Discovering new intents
Next, let’s take a look at the Unlabeled data section. This is where all utterances that haven't been assigned to an intent are located.
You’ll see a list of unlabeled utterances that is sourced from your data sources. Since you’ve already added some demo data, there should be a lot of data. The search bar on top is a full-text search feature allowing you to find things the old fashioned way. Try it first by searching for hotel - there are a few intents that can be created relating to these
One of the initial matches is Hi, I am looking for the rating of a hotel.. Go ahead and select it, you'll notice that a new option is available right under the selection: Show similar suggestions. This button will use semantic search to look for similar phrases in the corpus. It's a good idea to mix these two techniques because full text search gives you keyword-based results, and semantic search expands on the meaning of the utterance and returns more relevant matches.

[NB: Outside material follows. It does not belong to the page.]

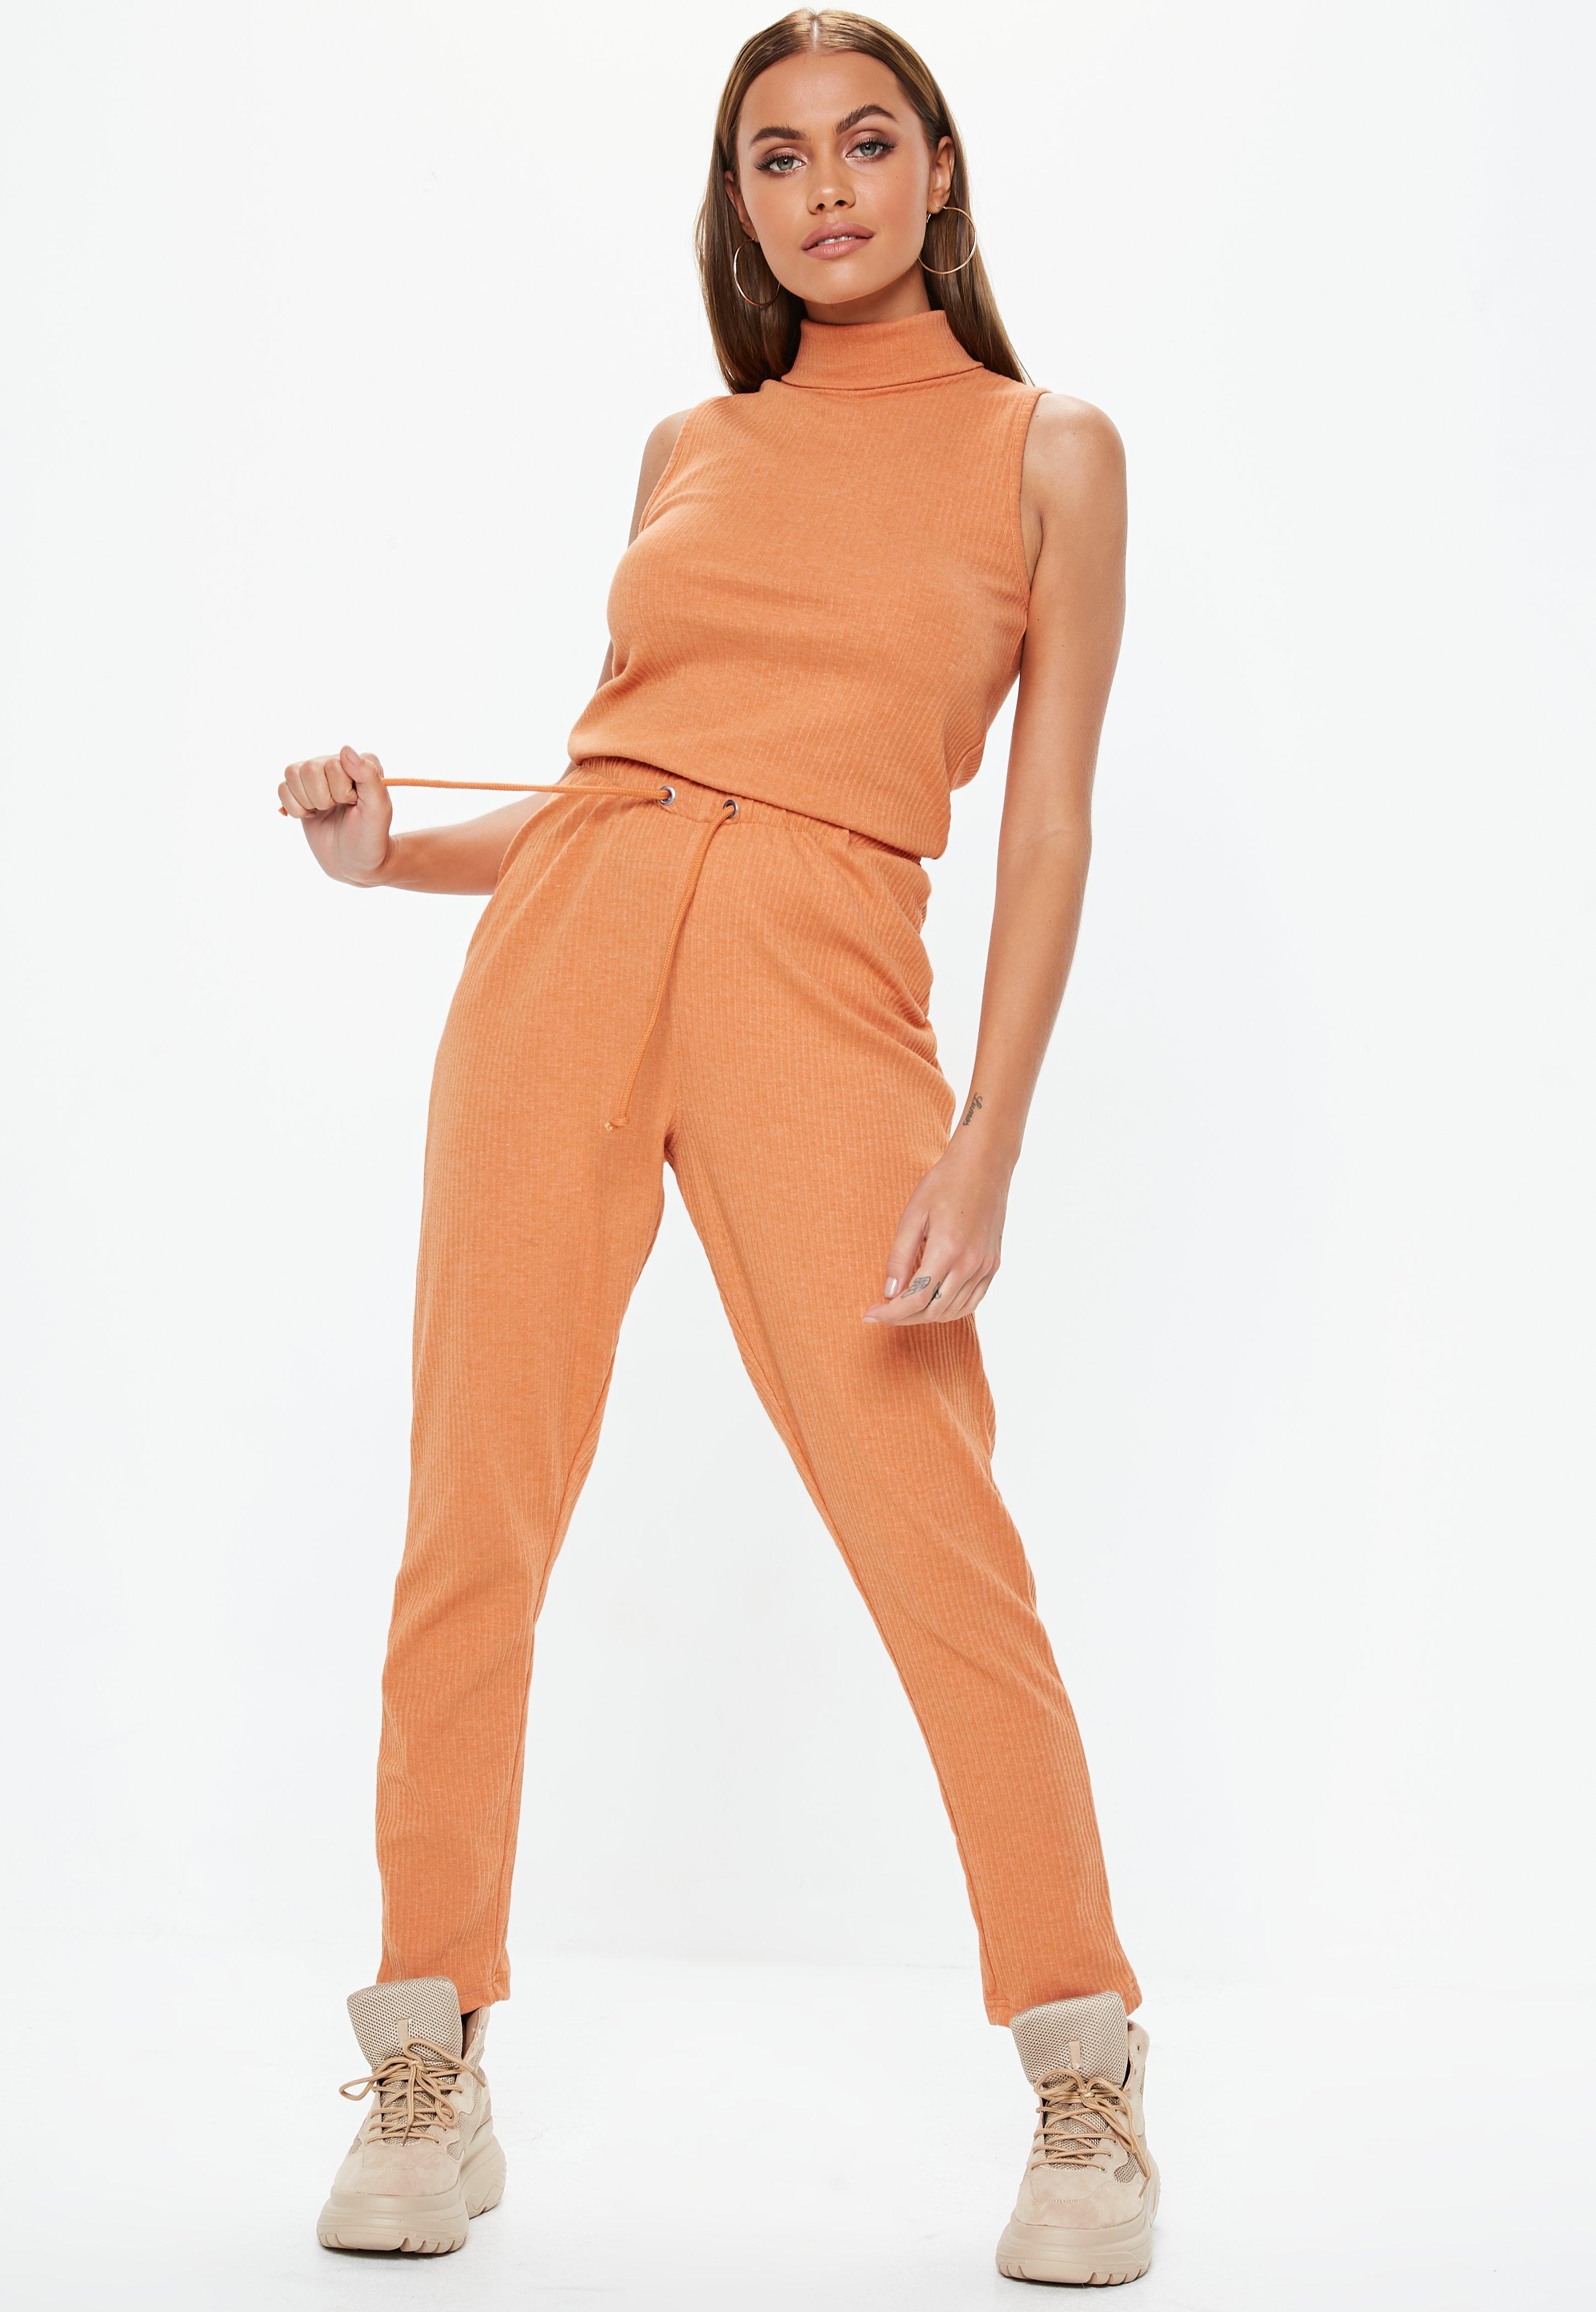 Soldes   Vêtement   mode femme pas cher - Missguided 3d7d7aa3ffbe
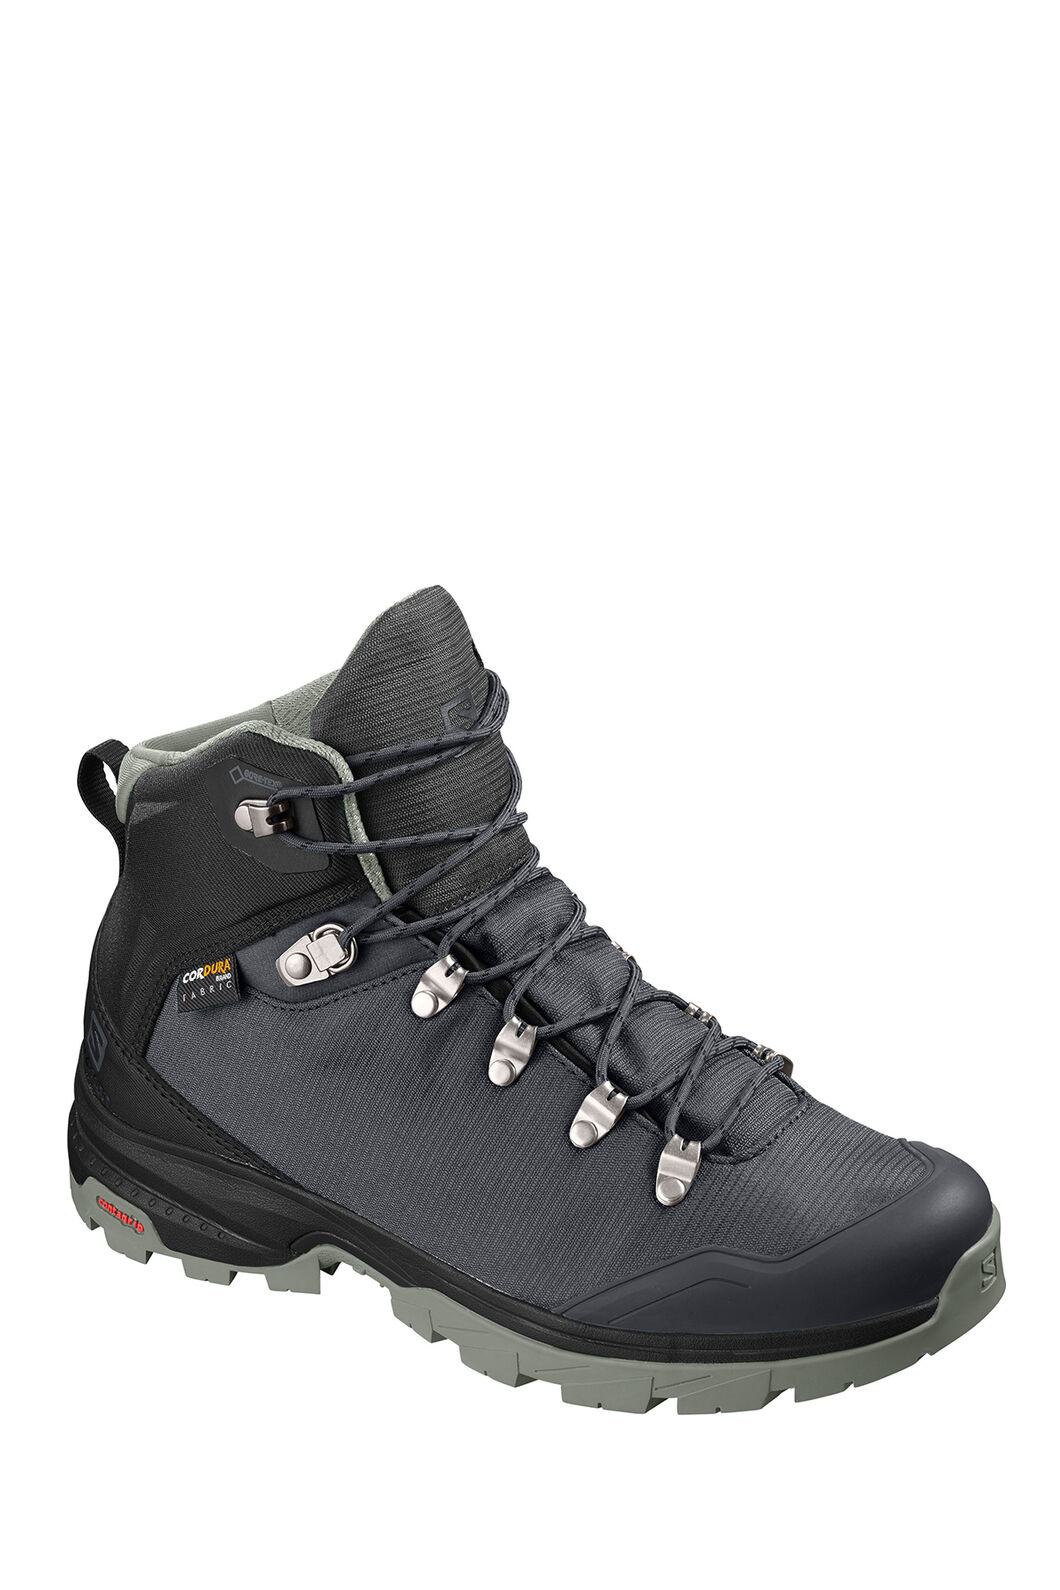 Salomon Outback 500 GTX WP Hiking Boots — Women's, Ebony/Black/Shadow, hi-res

Select a few examples where the user clearly asks for a hotel with a specific rating. Notice that the button is clickable again, doing so will look for results similar to all selected items.
Tip: You can shift+click to select a range without clicking on each of them separately.
Once you have enough elements, click the Label selected data button on the left, and click + Create here to create a new intent. Let's name it hotel_request_rating and click the Create and edit button.
Here are a few intents you may want to create:
- Book an appointment
- Reserve a hotel
- Reserve a hotel with a specific rating (see if you can make this one a child intent of the reserve a hotel one)
While working on your project, you may decide that some intents should be merged together or even broken down into more specific intents. In the Labeled data section, where you can view the list of training phrases for an intent, you'll notice a checkbox next to each phrase, clicking it with automatically sort the rest of the list by similarity to the selected phrases. You can click the similar phrases and move them using the left column, as we did with unlabeled utterances in the previous step.
Back to Botpress
We can export our changes using the command line
You can now go back to Botpress and see your updated data.